PROBLEM DESCRIPTION: Please reproduce the lines of the records below from the one holding "Bob Seger - Beautiful Loser Cassette Tape" through the one holding "Kappa Sigma Graphic", inclusive, skipping all pictures.

DATASET EXCERPTS:
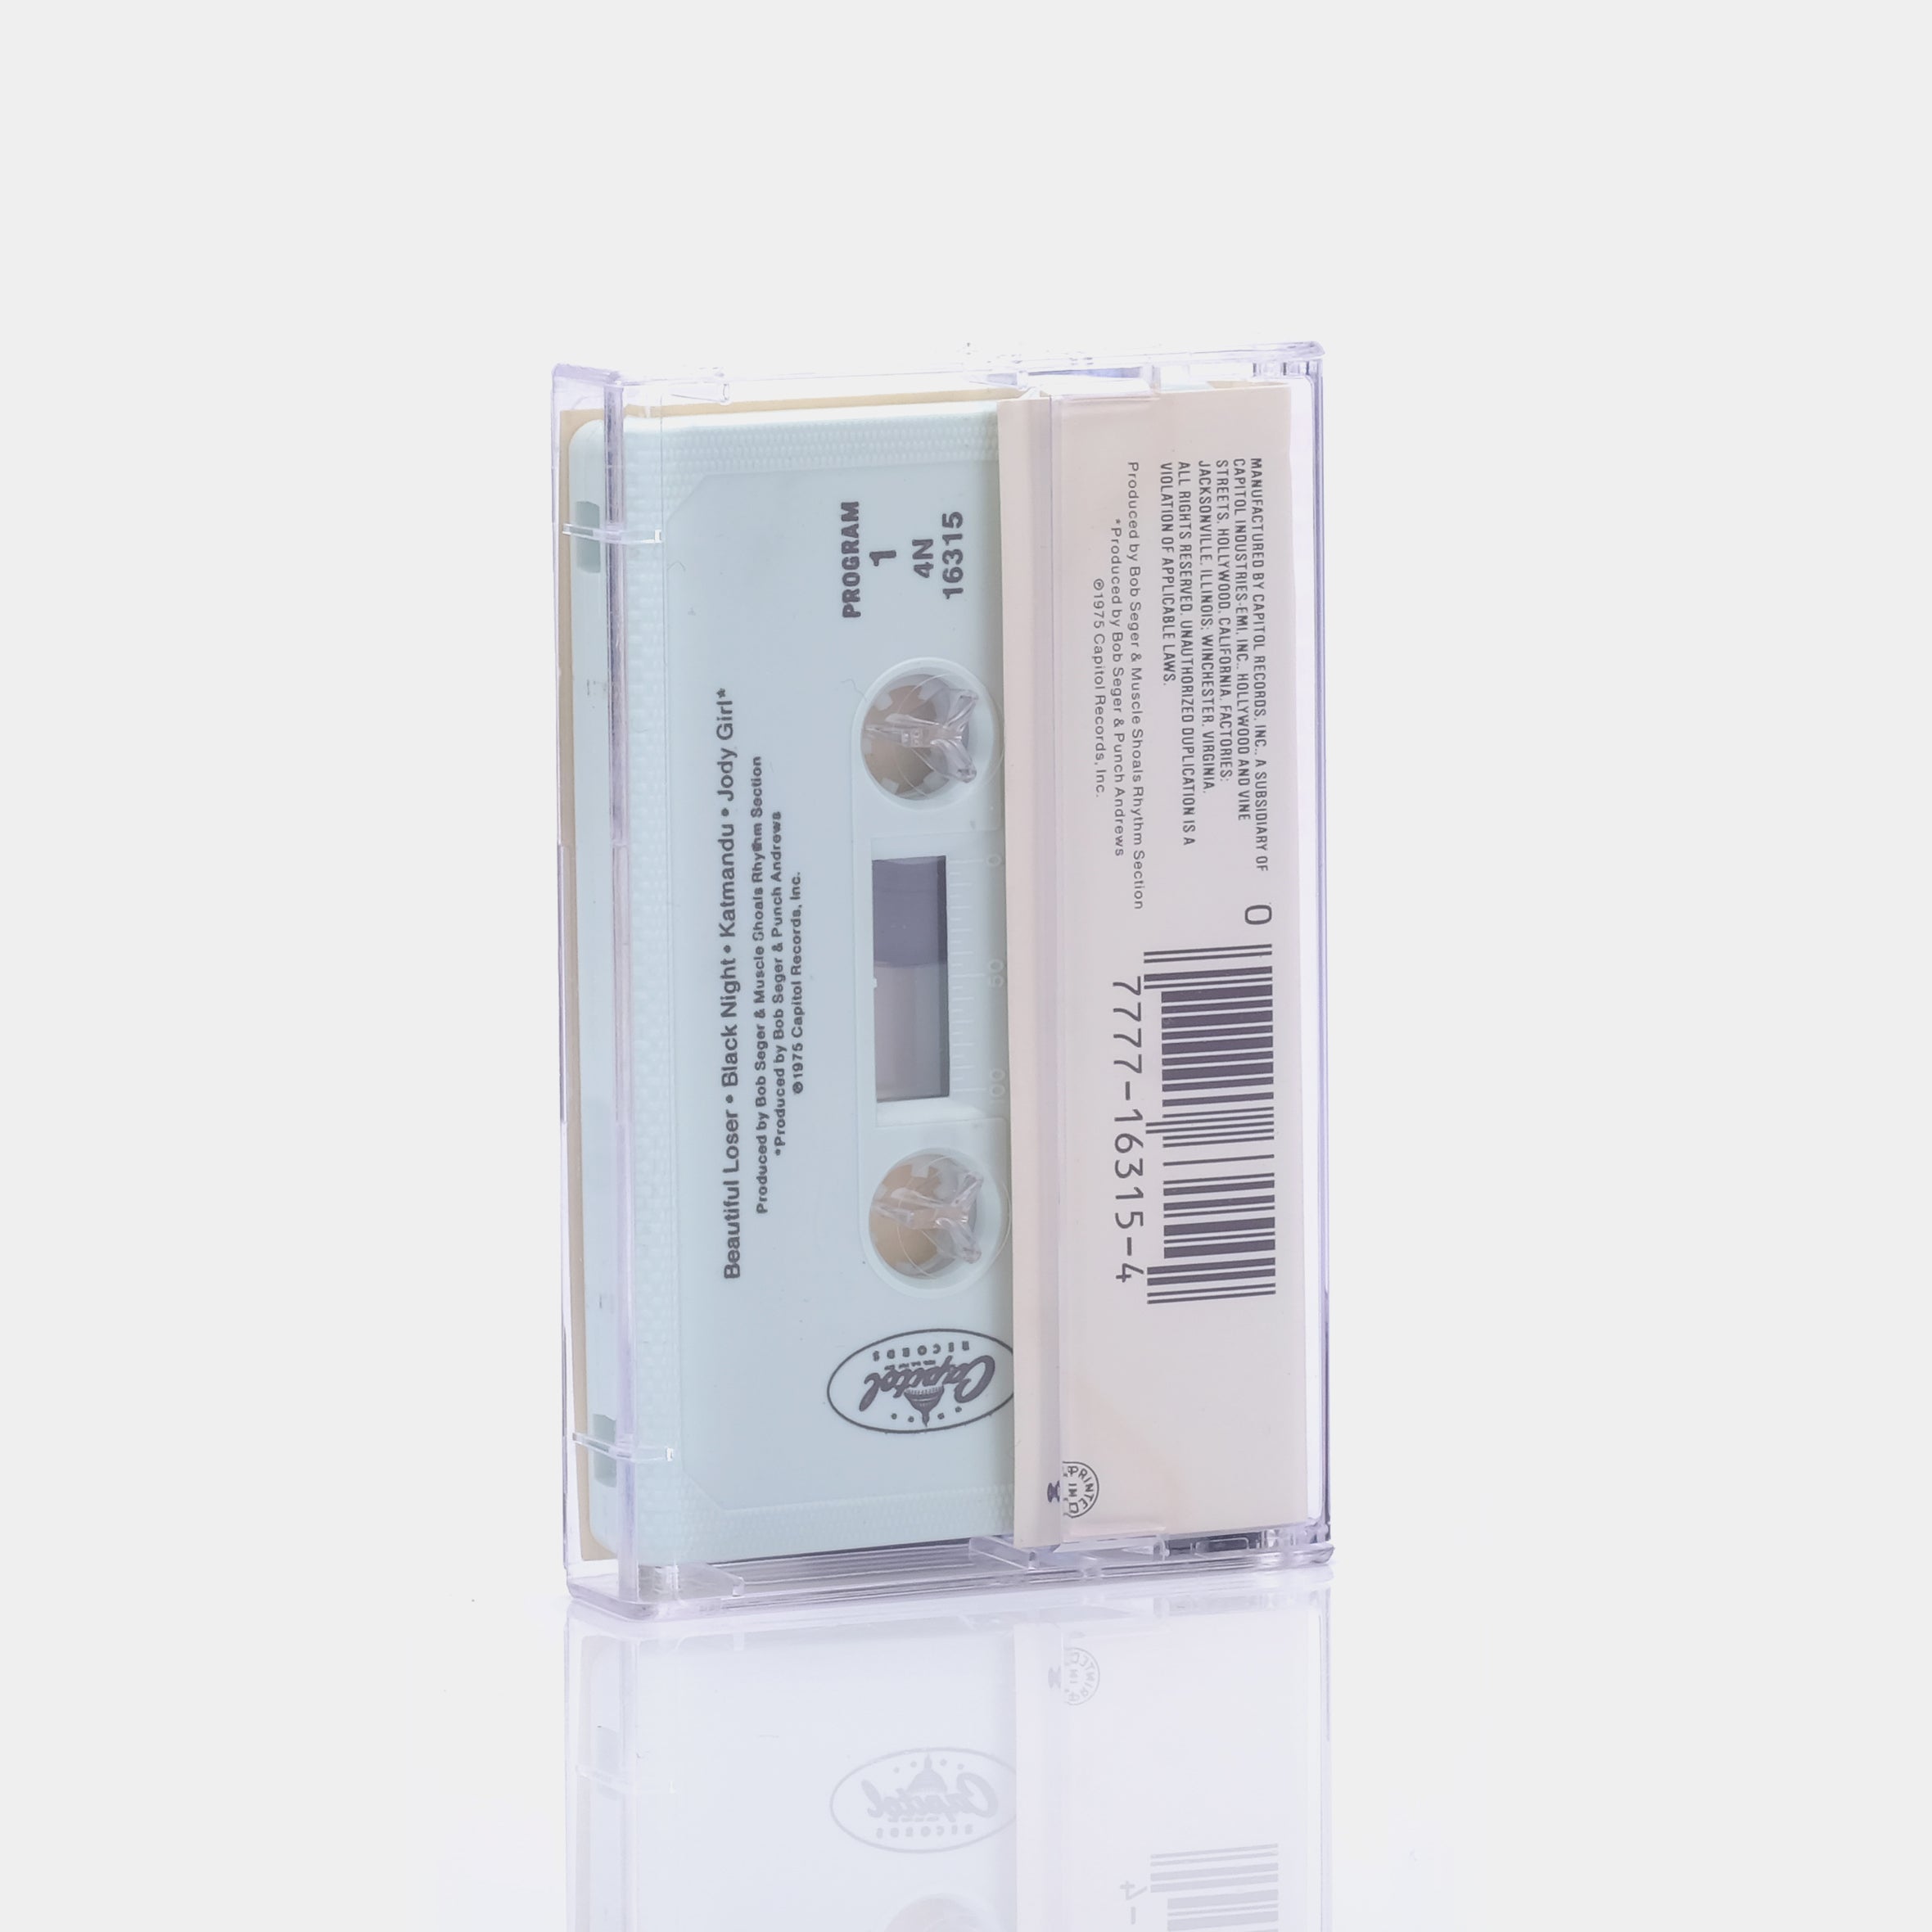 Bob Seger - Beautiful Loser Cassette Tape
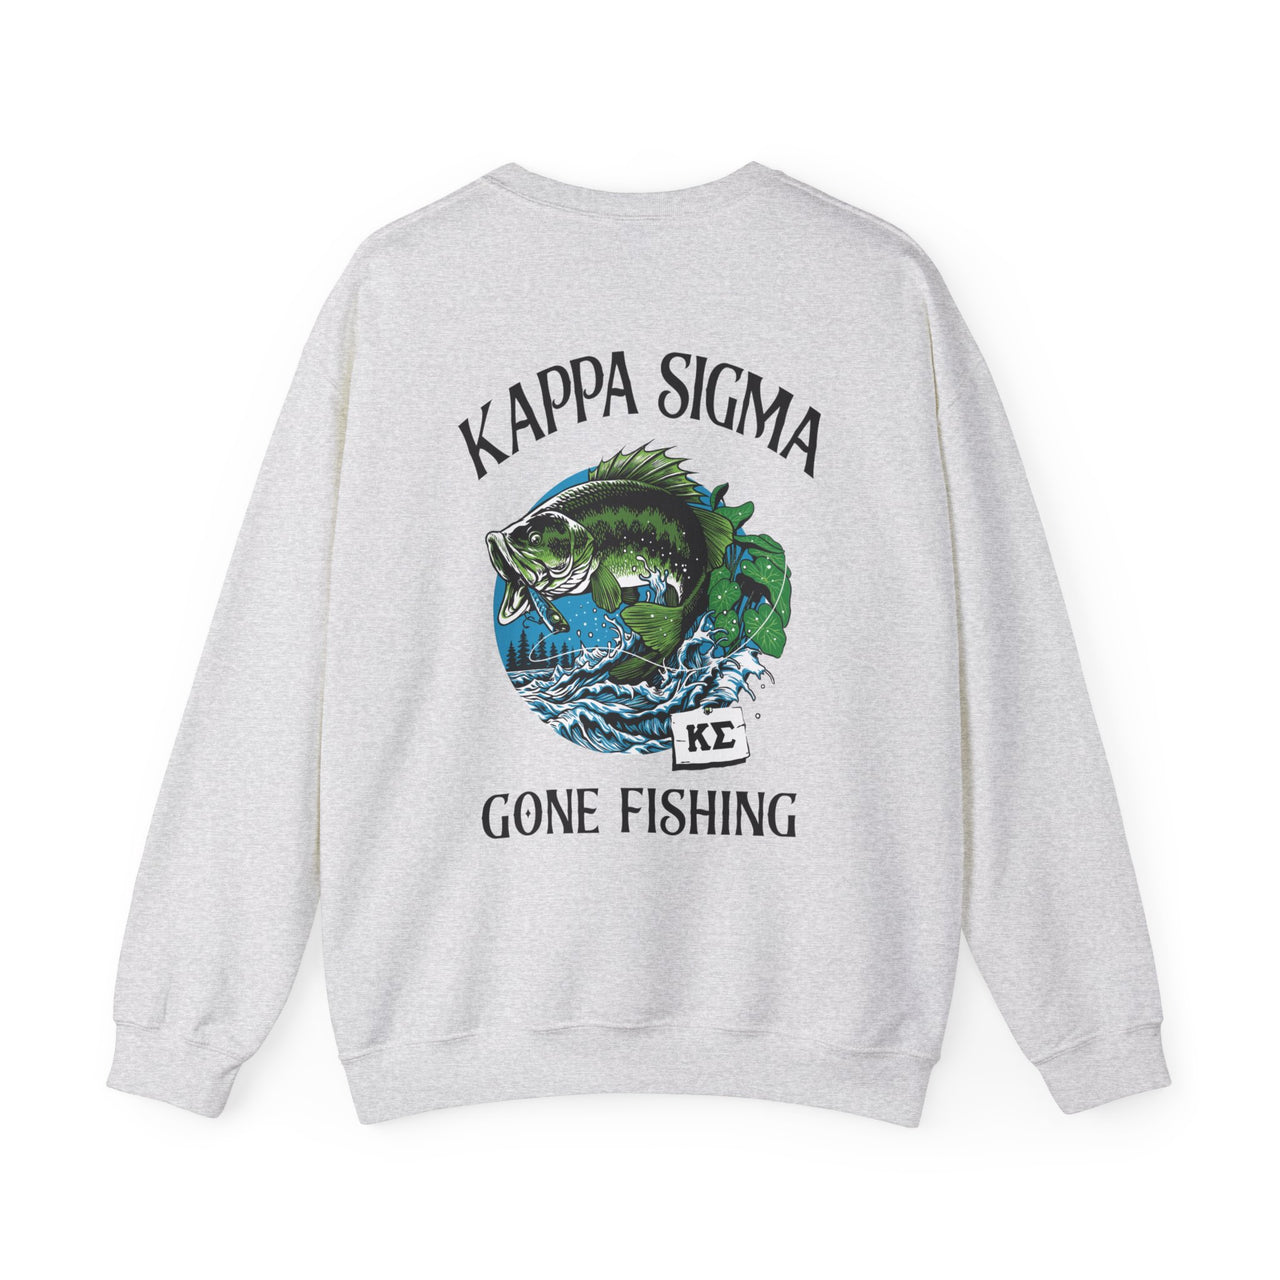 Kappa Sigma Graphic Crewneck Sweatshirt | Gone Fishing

* * *

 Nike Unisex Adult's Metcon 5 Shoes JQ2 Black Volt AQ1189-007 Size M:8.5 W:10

SOLUTION TO THIS TASK:
 Bob Seger - Beautiful Loser Cassette Tape
 Kappa Sigma Graphic Crewneck Sweatshirt | Gone Fishing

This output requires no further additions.